* What you are asked to do *
What is needed is an exact copy of the data below, pictures excluded.
Start of Information supplied
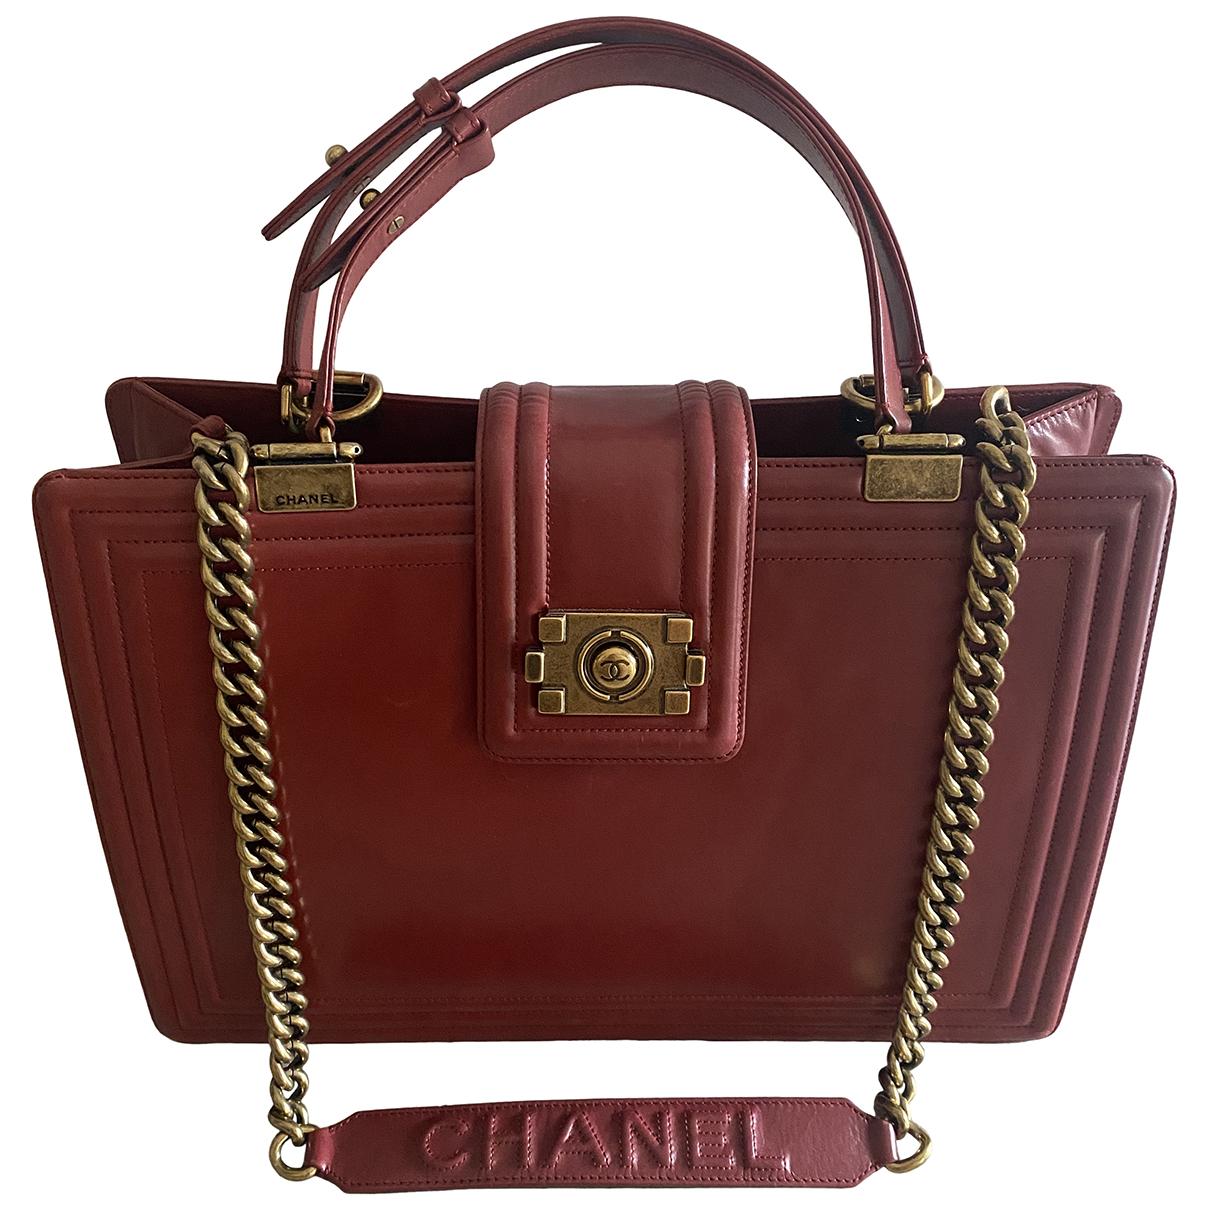 Chanel N Burgundy Leather handbag for Women N
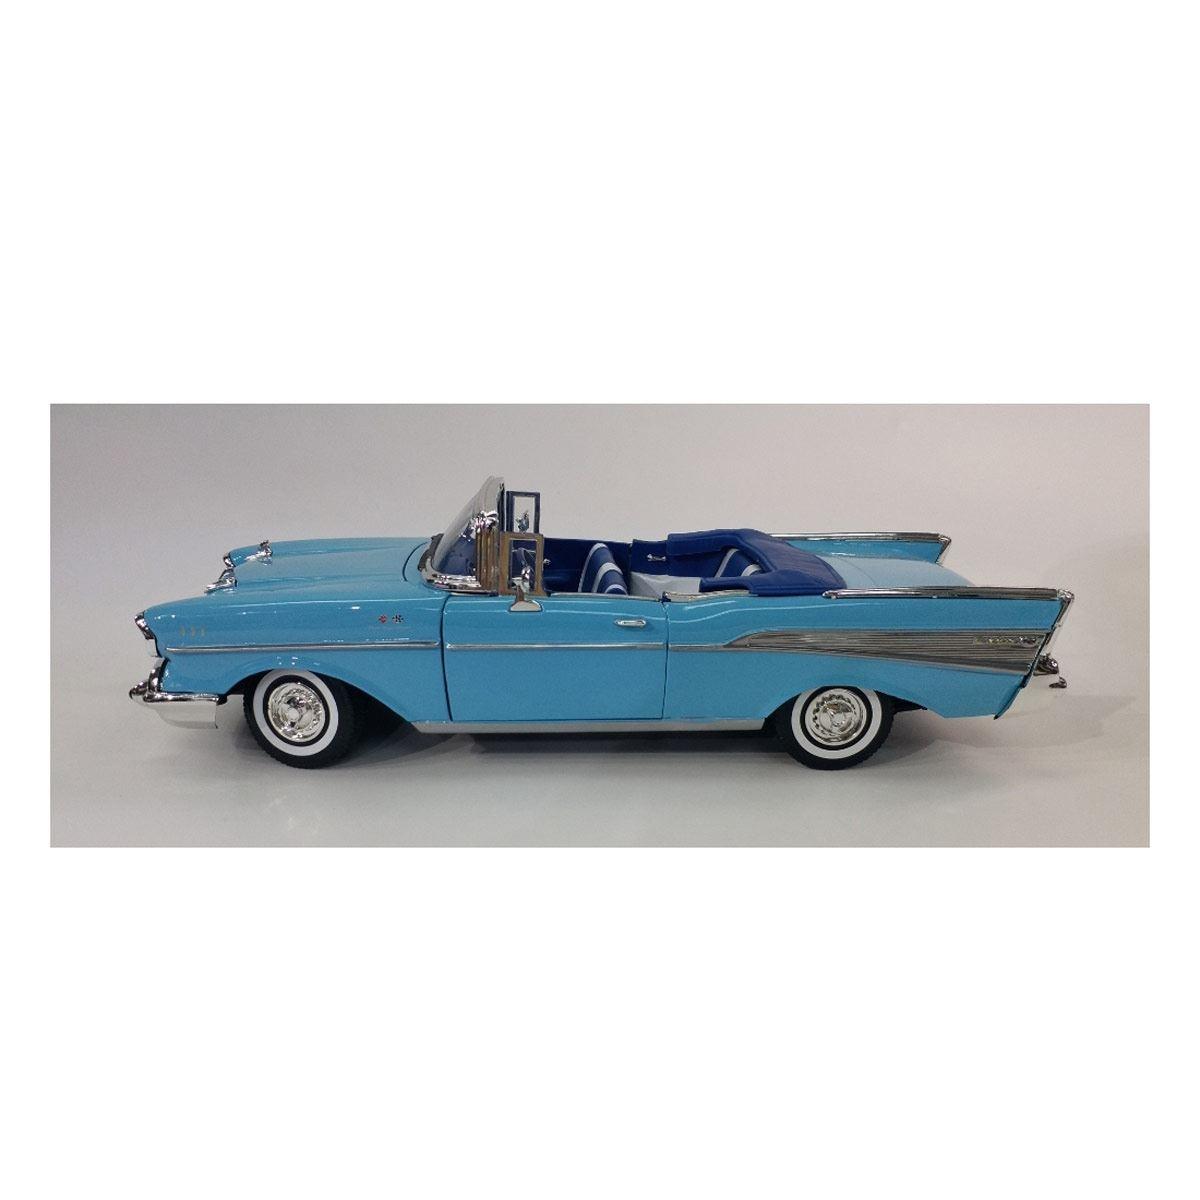 1:18 1957 Chevy Bel Air (Convertible)
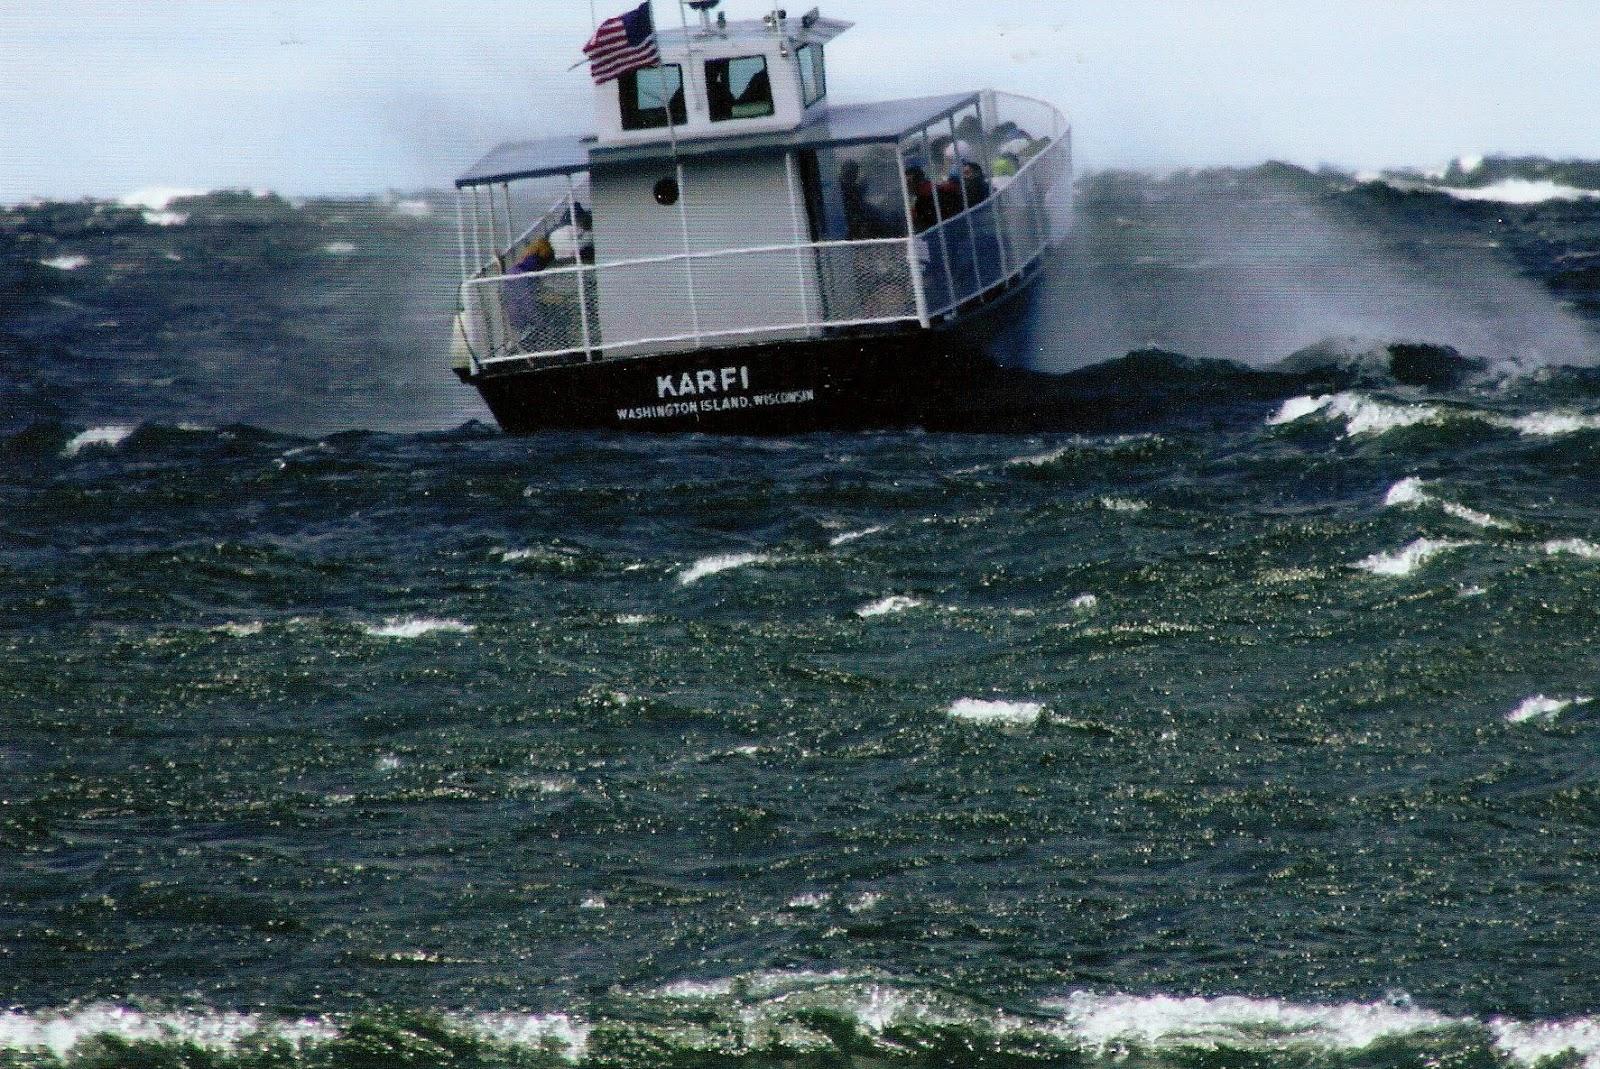 FERRY CABIN NEWS: ROCK ISLAND FERRY
End of Information supplied
* Reply to the task *
 Chanel N Burgundy Leather handbag for Women N
 1:18 1957 Chevy Bel Air (Convertible)
 FERRY CABIN NEWS: ROCK ISLAND FERRY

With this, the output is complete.